__PROVIDED DATA__
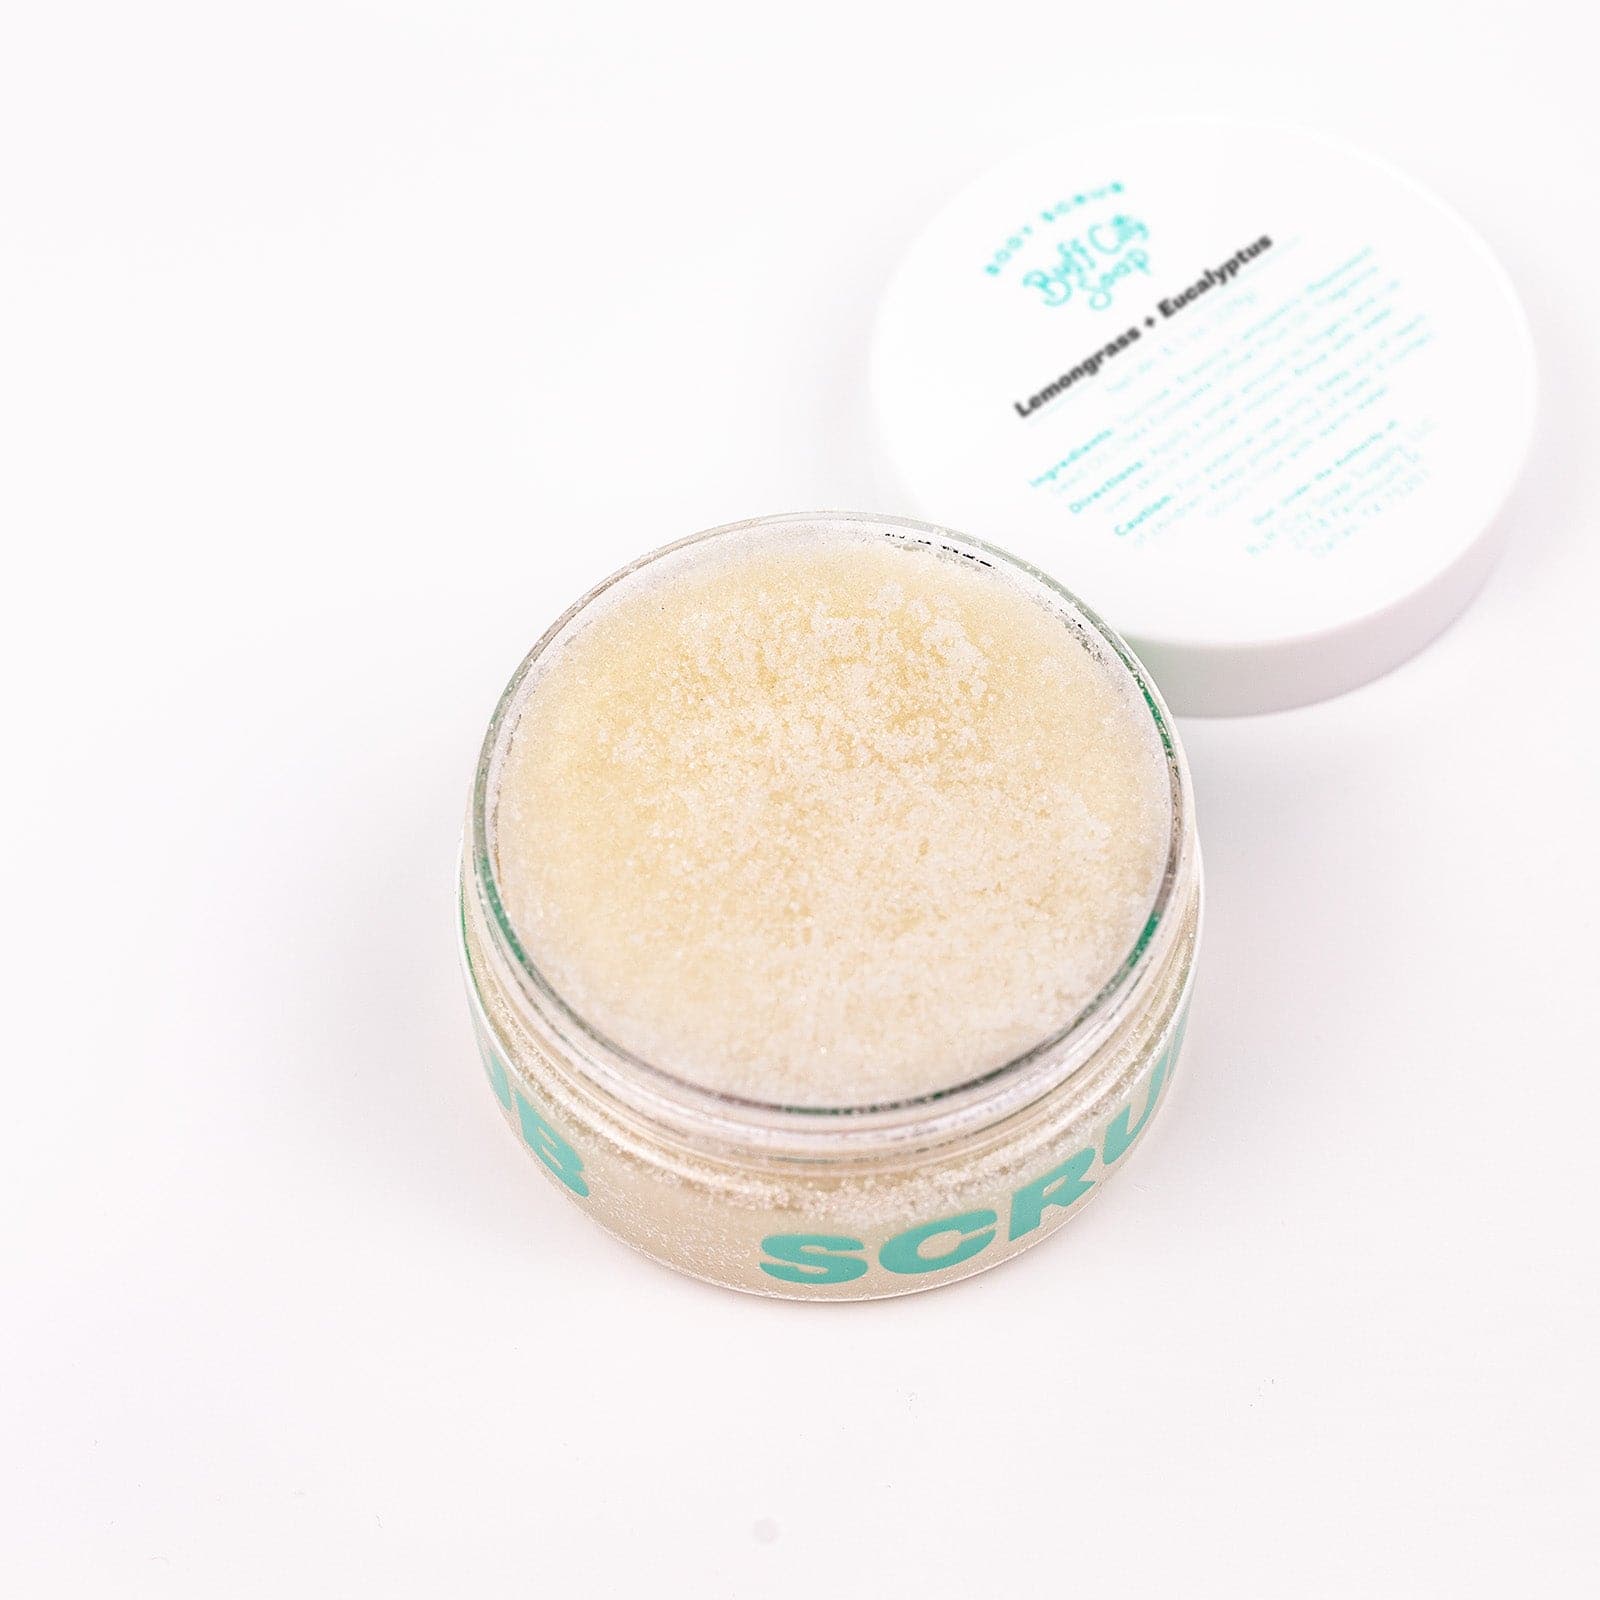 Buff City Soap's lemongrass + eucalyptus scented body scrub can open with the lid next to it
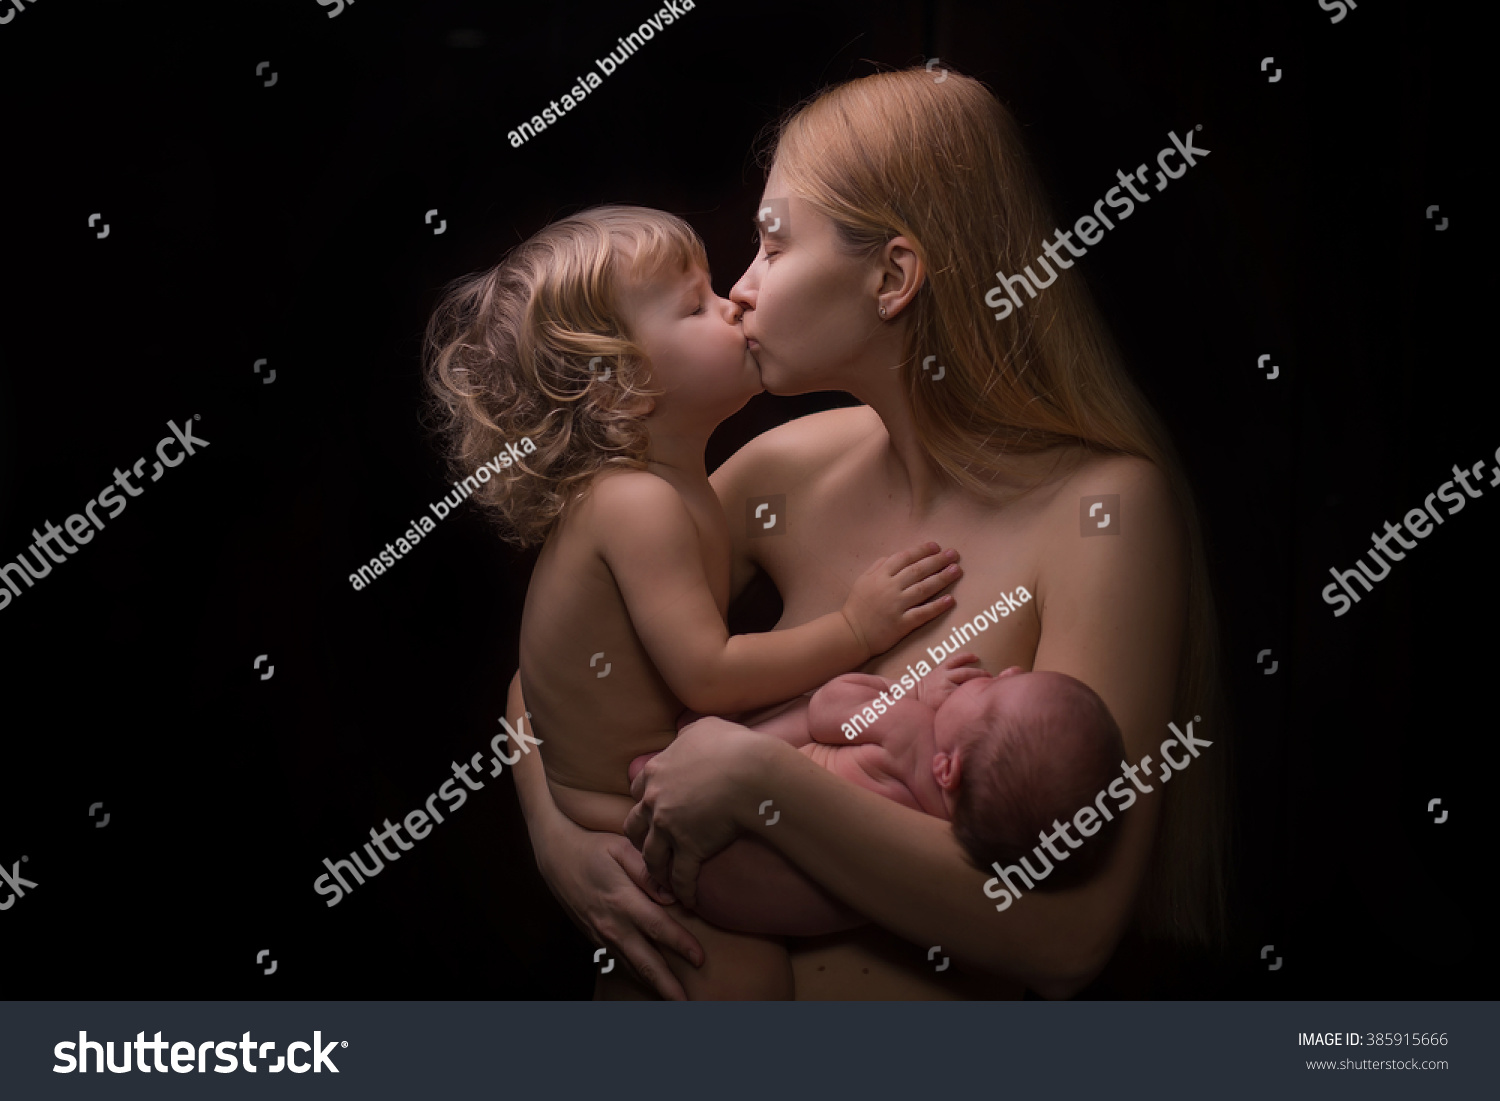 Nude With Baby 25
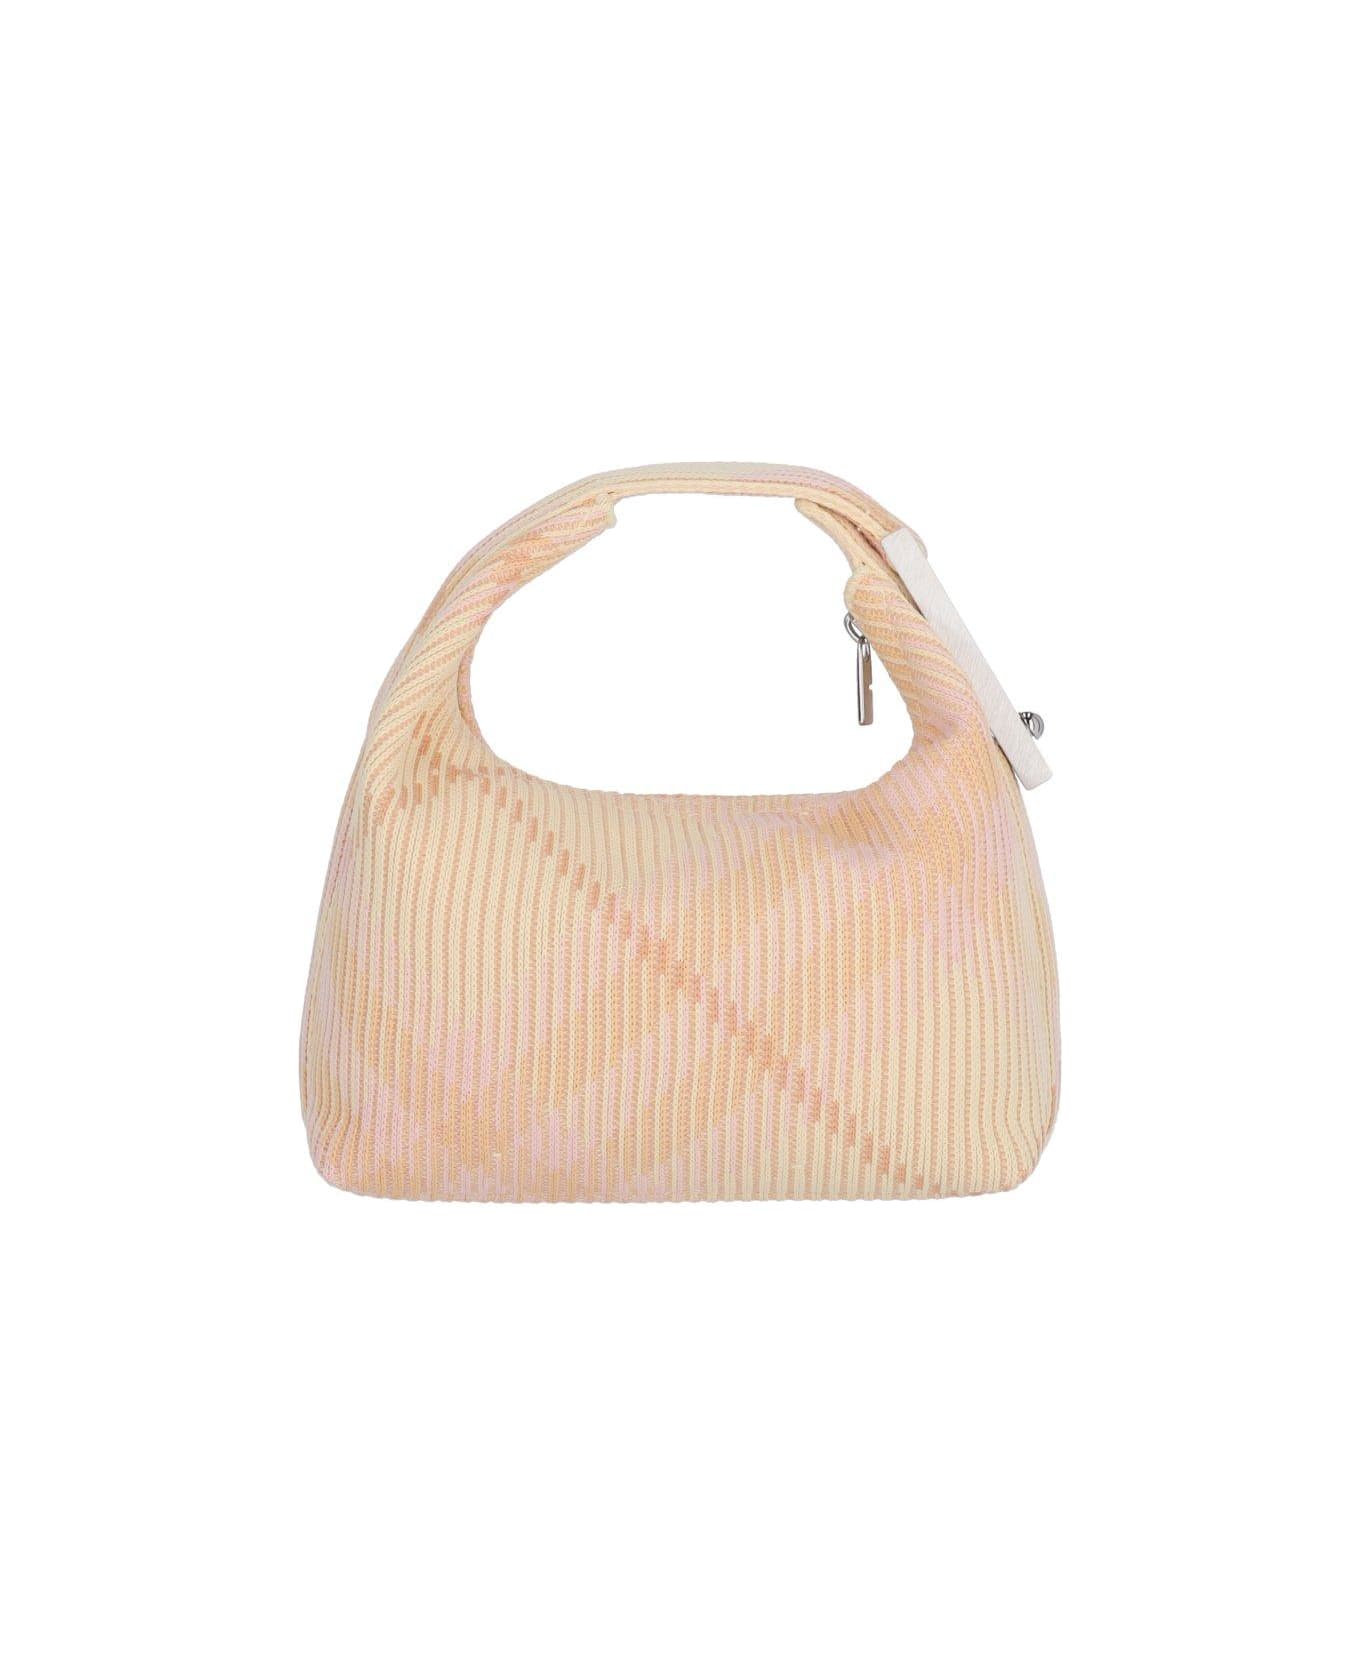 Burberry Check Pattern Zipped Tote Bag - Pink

__EXERCISE__
A faithful copy of all the data above is required, printed exactly and with no pictures.

__SOLVED PROBLEM__
 Buff City Soap's lemongrass + eucalyptus scented body scrub can open with the lid next to it
 Nude With Baby 25
 Burberry Check Pattern Zipped Tote Bag - Pink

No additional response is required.